What makes it also easier, is that the damage is done, and time has passed.
Also, I am no fan of declaring these astronauts heroes because they died in a mission. All astronauts are either heroes or they are just hard working people - depends on how you call people who risk their life and health everyday for working at the frontiers of humanity. Dying is no heroic act and it was no deliberate sacrifice, that you can say has anything done for saving the lives of others. Sad is the nation, that needs such heroes. Even more, it makes it look like astronauts have to die as part of their duty. That is completely wrong, astronauts have to stay alive, or the mission is failed. They just take more personal risks and more personal responsibility as others - and if this responsibility is betrayed by NASA managers, they are not heroes, but rather victims.
And so, what is left? You see dramatic sequences of images of a preventable accident, that should be seen by every engineer for reminding how small errors can go wild. You don't see astronauts passing out, getting shaken by strong accelerations, injured by small debris flying around and getting crushed on impact on the surface of the ocean. That sure makes it easier. It is a as clean situation as the first nuclear bomb explosion, which also makes it easy to not look for the corpses.
If you watch it, be happy that it was not you that day.
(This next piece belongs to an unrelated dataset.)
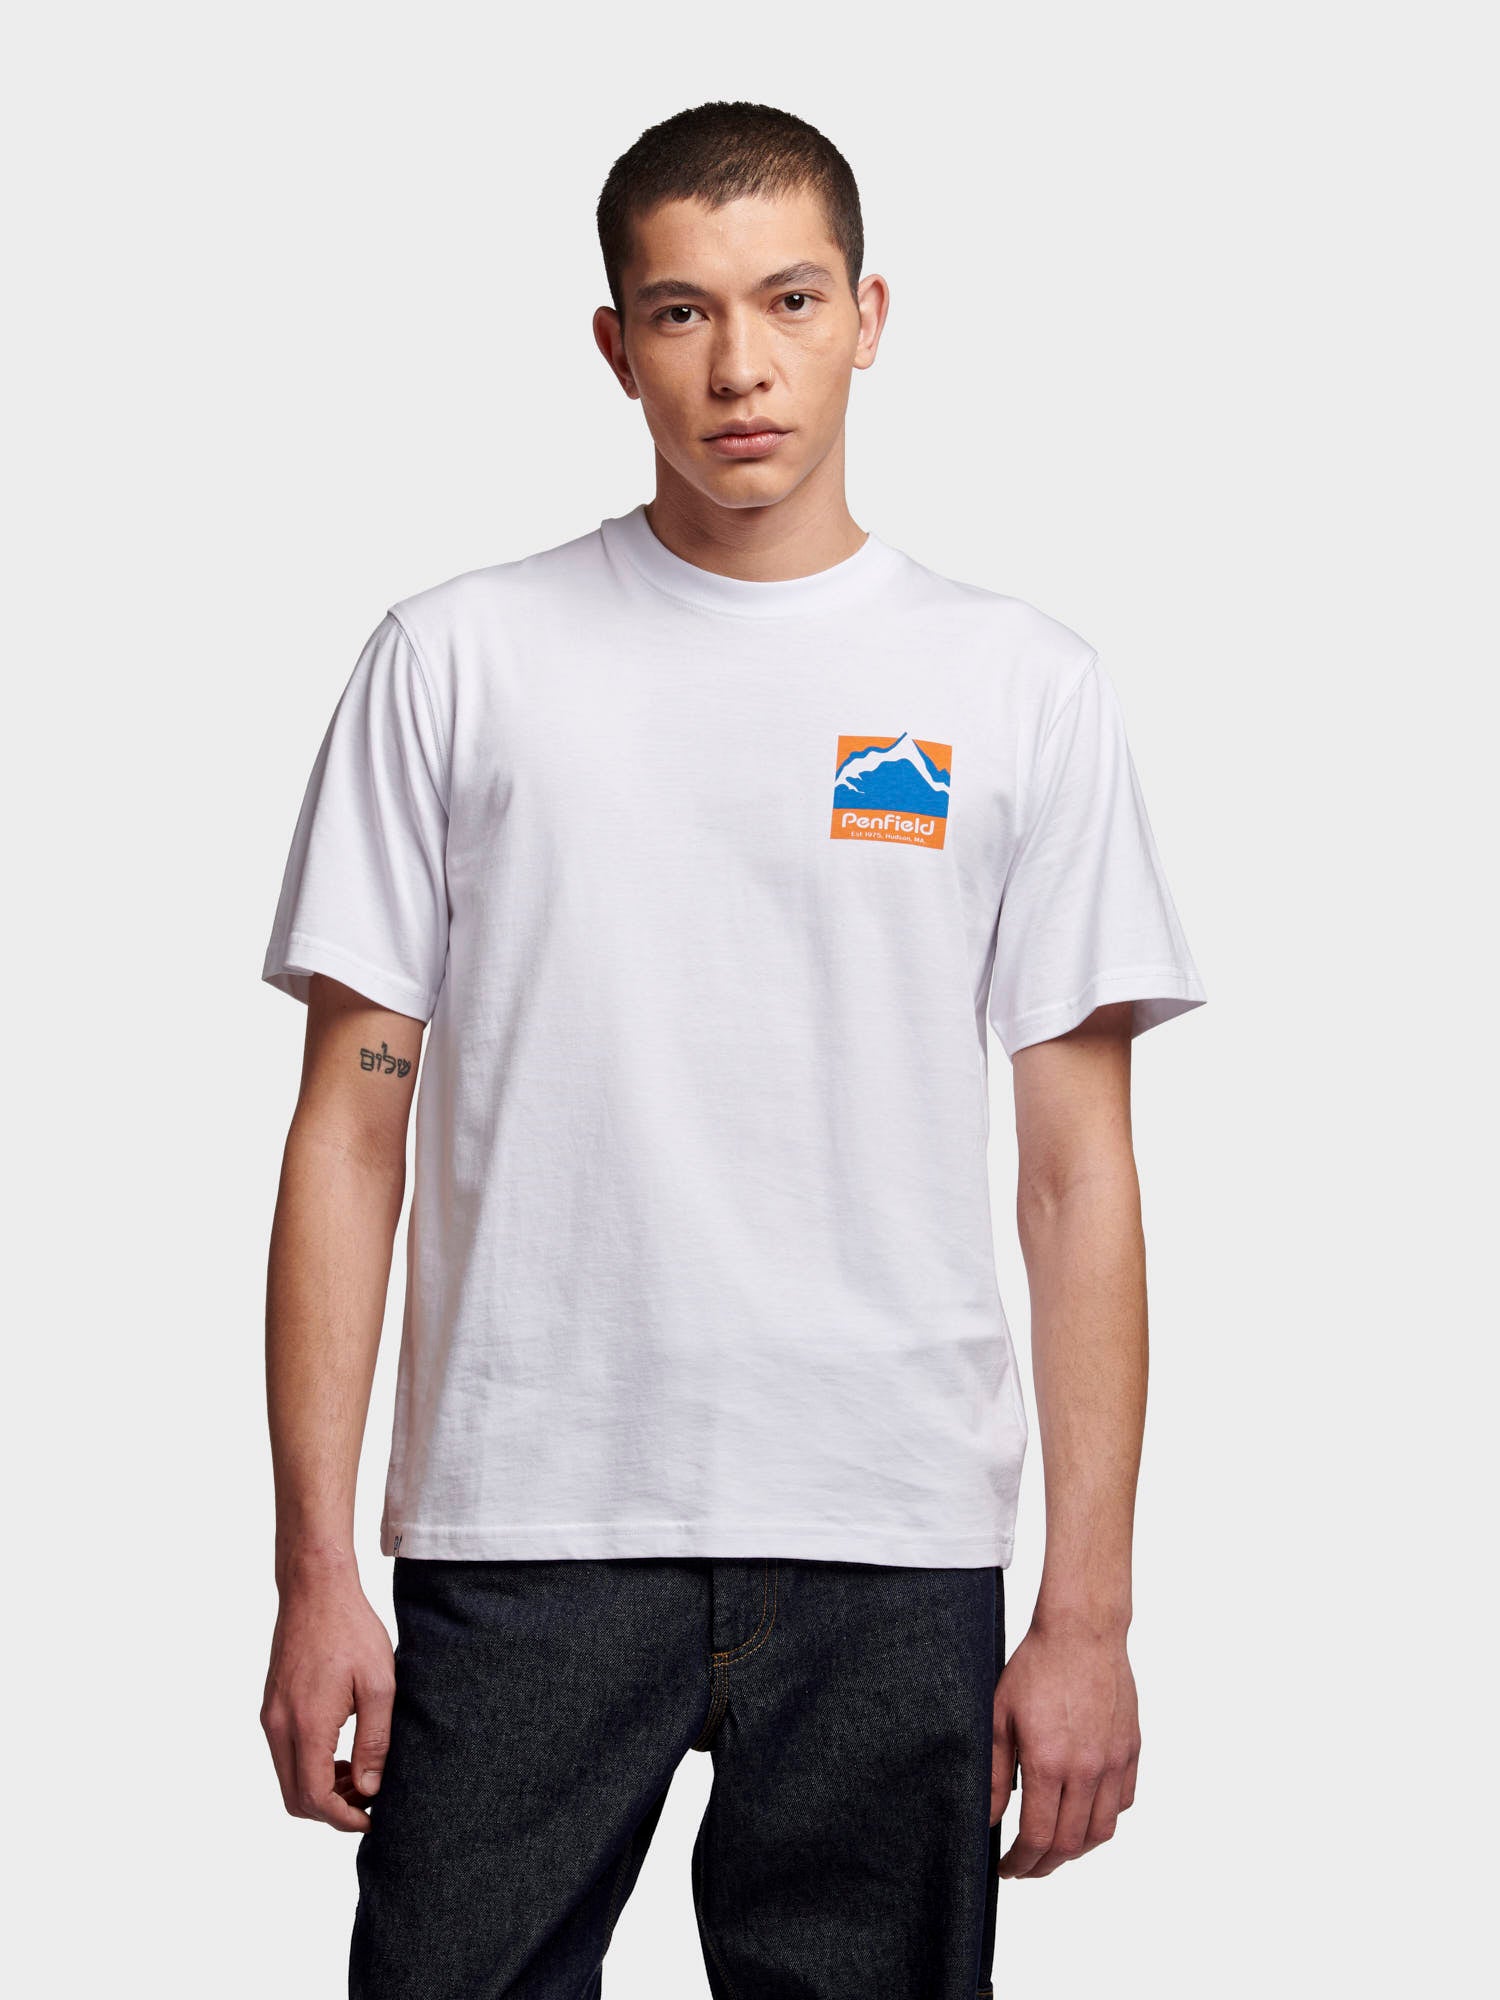 Relaxed Fit Mountain Scene Back Graphic T-Shirt in Bright White
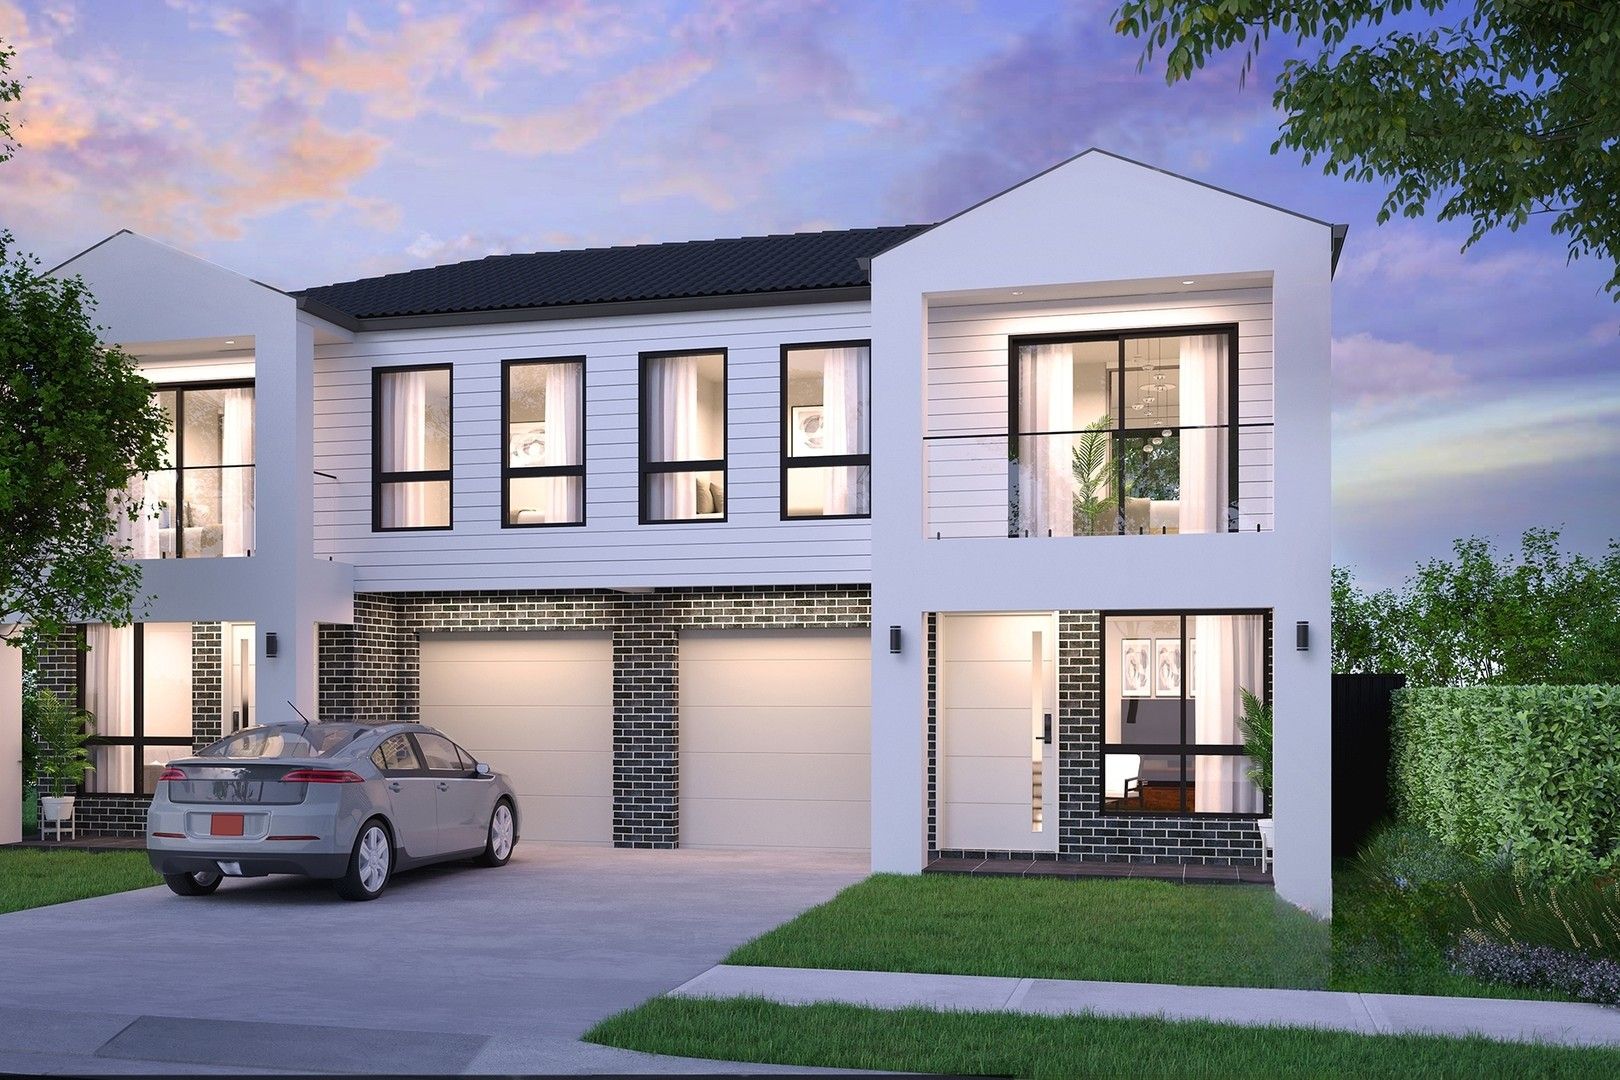 3 bedrooms New House & Land in 62 Dowse Ave MARSDEN PARK NSW, 2765

And if you one day have responsibility for the lives of others, remind yourself that what killed Challenger was not a leak in the SRB joint, but a chain of decisions, in which managers put their careers and political goals over the safety of astronauts. If it wouldn't have been Challenger, another mission would be hit. It was inevitable as long as the managers had not been responsible.
And it was maybe what Challenger also failed, because the mindset did not die with it. It happened again for Columbia. And maybe, it will happen again. I am not sure, that managers learned from their mistakes, without ever being responsible for their decisions.